J-105. L'euro approche à grands pas, bouleversant peu ou prou les habitudes des Français. Et Sélestat n'échappe pas à la règle.
CE MATIN, dans les rues du centre ville, la foule est, comme d'habitude, présente pour le traditionnel jour du marché. Traditionnel ? Pas tout à fait, en fait… Dans 105 jours exactement, au soir du 31 décembre, la France passera en effet à l'euro, abandonnant du même coup sa monnaie nationale qui existait depuis l'ordonnance du 27 décembre 1958. Le compte à rebours est maintenant enclenché. Mais il semble que dans la plupart des stands des commerçants, la question du changement de monnaie ne soit pas encore à l'ordre du jour. Petit tour auprès des marchands présents la semaine dernière: entre les étals de légumes, de poissons et de viandes, la réponse fuse avec un brin de mépris, souvent la même : « L'euro ? On n'y pense pas encore. On laisse plutôt venir la chose, et on verra au moment voulu ».
On laisse venir la chose, on verra au moment voulu
Pour ces marchands, c'est certainement la Toussaint qui marquera de façon officieuse l'arrivée de la révolution euro: «C'est cette date que j'ai choisie pour commencer à changer les balances, acheter les convertisseurs et procéder de façon régulière au double affichage», explique l'un d'eux. Reste que certains ont déjà pris les devants. Sur l'étal des produits du terroir Fuchs d'Orschwiller, la balance toute neuve est dès à présent en place, trônant fièrement au-dessus des charcuteries et cochonnailles.

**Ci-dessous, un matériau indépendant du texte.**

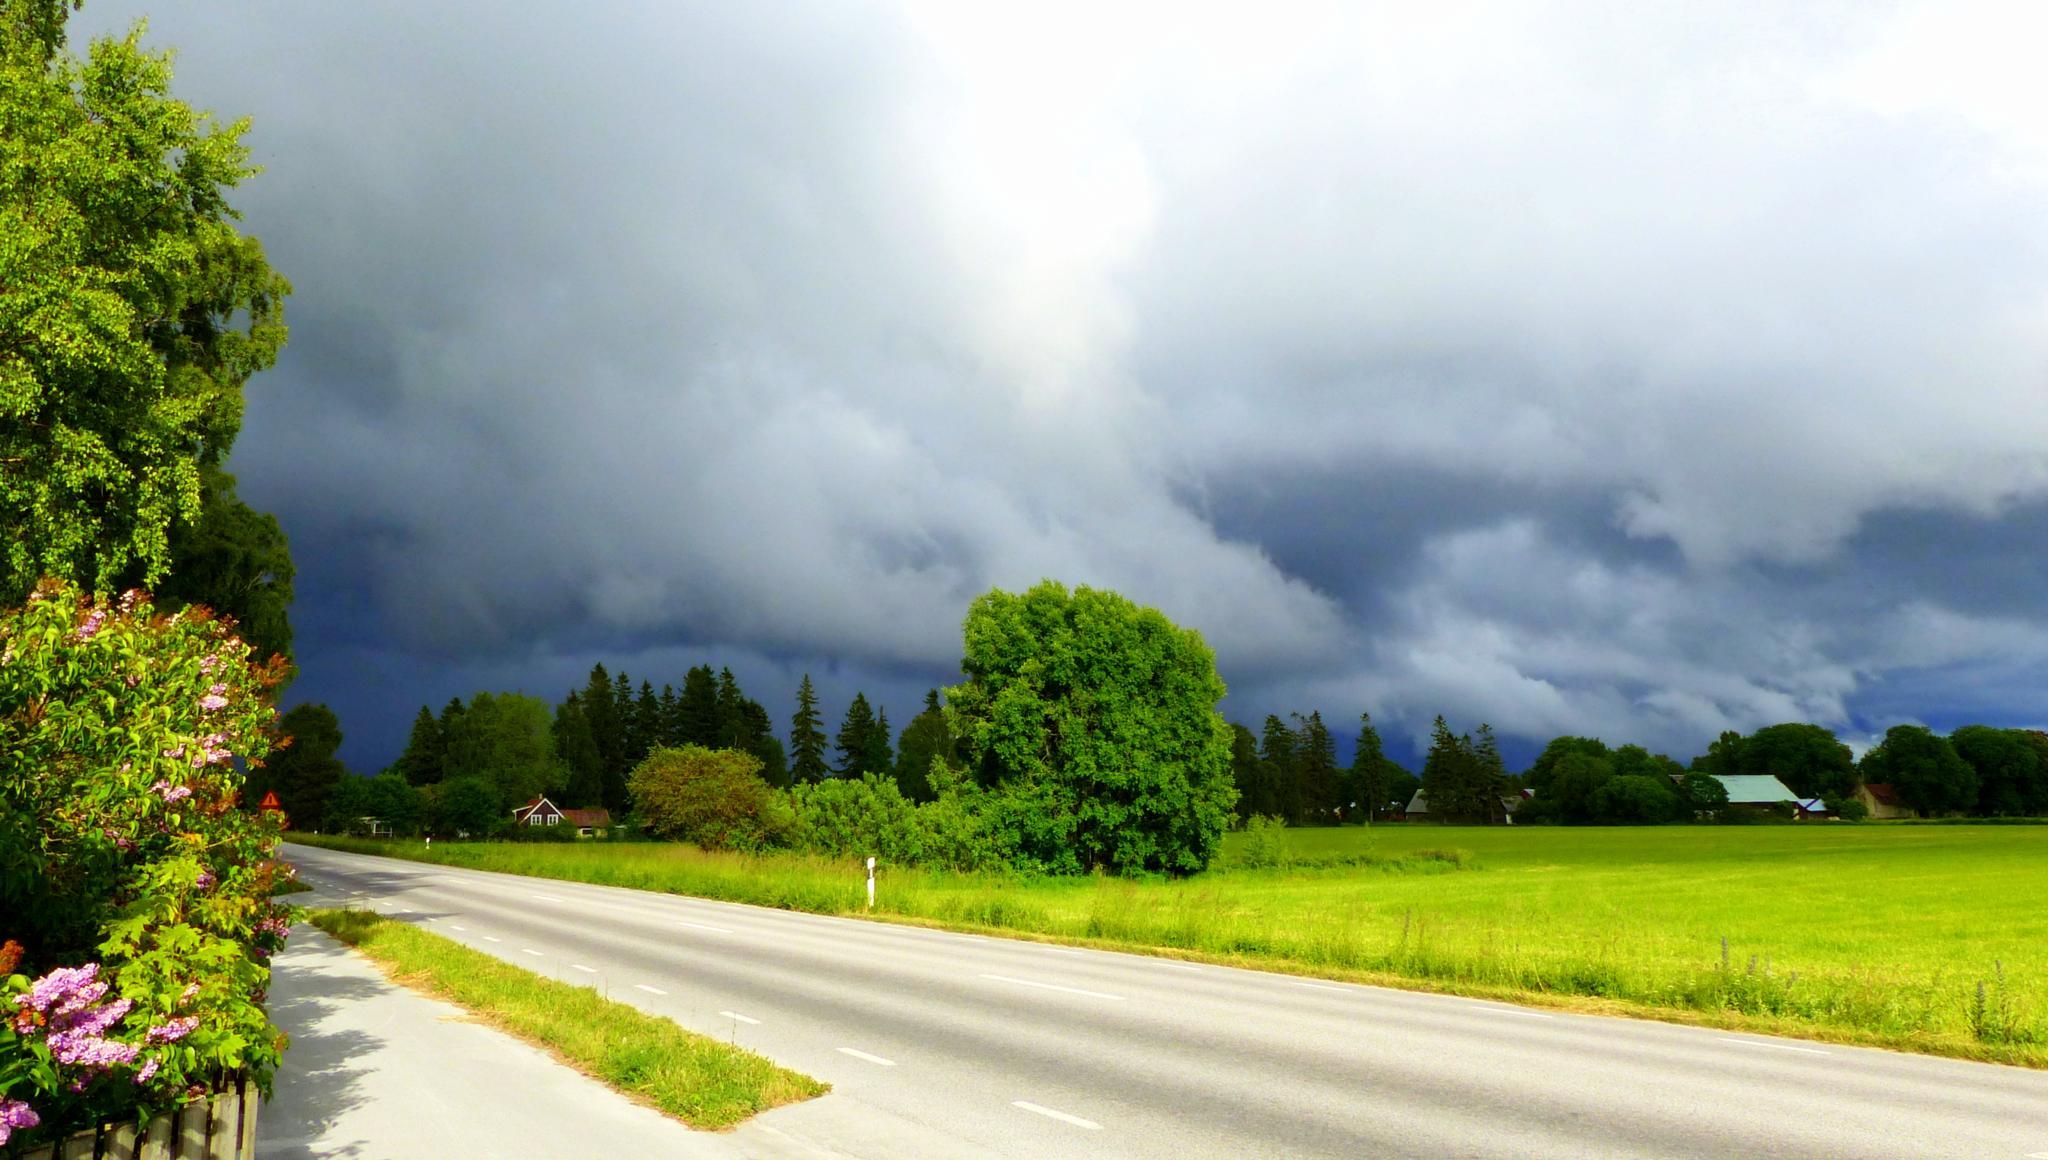 After sun there's rain by maja.e.olin

Sa fonction ? Imprimer les tickets en francs et en euros. Et les vendeuses utilisent chacune une calculatrice spécifique, achetée à Colmar chez un détaillant réservé aux professionnels. « C'est sûr, l'euro va poser quelques problèmes aux clients, mais nous aussi, nous allons souffrir en janvier quand il faudra rendre la monnaie en euro après avoir perçu l'argent en francs. D'ailleurs, d'une certaine façon nous en souffrons déjà. » Effectivement, avec un renouvellement des balances estimées à 1 000 F pièce, plus les calculatrices et autres convertisseurs de poche, la facture s'annonce lourde pour les commerçants ambulants, qui ne perçoivent pour cela aucune aide de l'État. Les rares, finalement, qui sont satisfaits par le changement, semblent être les touristes européens, qui voient dans l'euro une échappatoire aux habituels bureaux de change.
*Pourtant obligatoire depuis l'été dernier
Au stand de fromages, les prémices du changement de monnaie apparaissent. Ici, les conversions euros-francs sont listées pour chaque produit.